In OpenMx (Boker, Neale, Maes et. al., 2011; Neale, Hunter, Pritkin et. al., 2015), a model can be specified by defining the threshold, mean and covariance structures as matrix valued functions of parameters. Equality constraints on model parameters are specified by using the same label to corresponding elements in the matrices. Although a functional constraint such as diag(Σ) = I can be specified using mxConstraint, it adds to the computational complexity and should be avoided if possible. We recommend that users specify the diagonal elements of diag(Σ) as explicit parameters if they are set to one in the model and express the unique variances as a function of parameters if needed. The OpenMx code of a model for binary data with invariant loadings and unique variances is illustrated in the Appendix. It has one common factor and four indicators.

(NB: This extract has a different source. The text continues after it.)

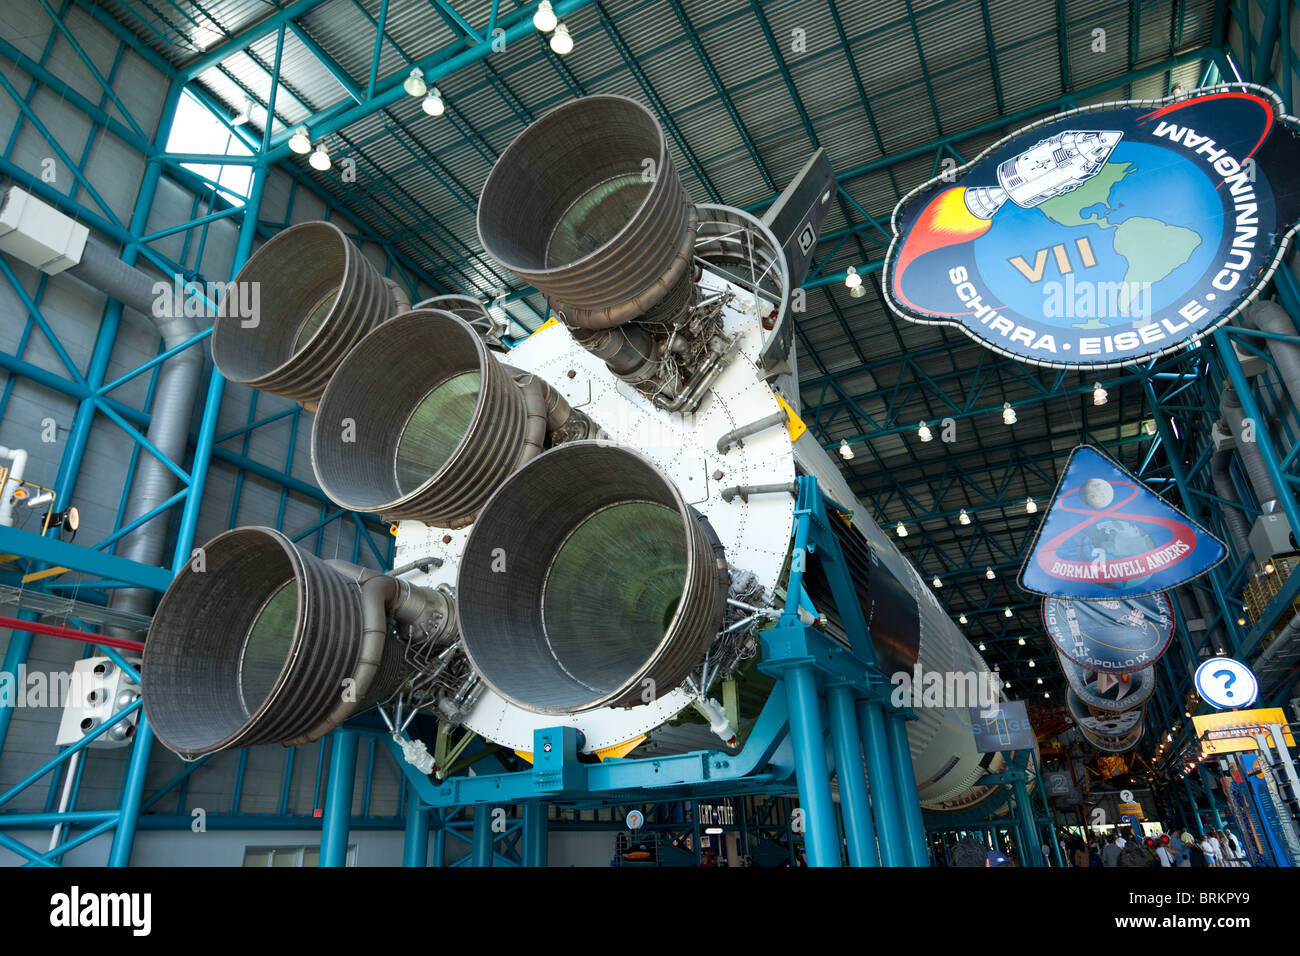 The Saturn V moon rocket in the Kennedy Space Centre,Orlando, Florida. Stock Photo

10. Summary and Conclusion
Studies of measurement invariance for ordered categorical data usually proceed by first identifying the model with only configural invariance as a baseline and then introducing additional invariance constraints to build a hierarchy of models. In this approach, the scale of the latent responses is set by the identification condition used in the baseline model and all subsequent additional invariance constraints are built on this particular scale. This may lead to the incorrect rejection of parameter invariance if the original parameters are invariant under some different scale of the latent responses. This would also lead to different conclusions for different choices of identification condition for the baseline model. Mathematically, these occur because the identification condition used in the baseline model may become restrictions when additional invariance conditions are introduced. In this article we advocate an approach where each model in the invariance hierarchy is identified separately based on Transformation 11 that reveals the four sources of non-identifiability of the CFA model for ordered categorical data. In this approach models with different levels of invariance are not defined through modification of the baseline model and are therefore not affected by its identification condition. Using this approach we give the identification condition for models with different levels of invariance. We also find that the invariance of some parameters cannot be tested alone. For example, the invariance of loadings can not be tested when there is no threshold invariance. For data with more than two categories, we recommend that invariance be tested first for thresholds, and then proceed to other parameters.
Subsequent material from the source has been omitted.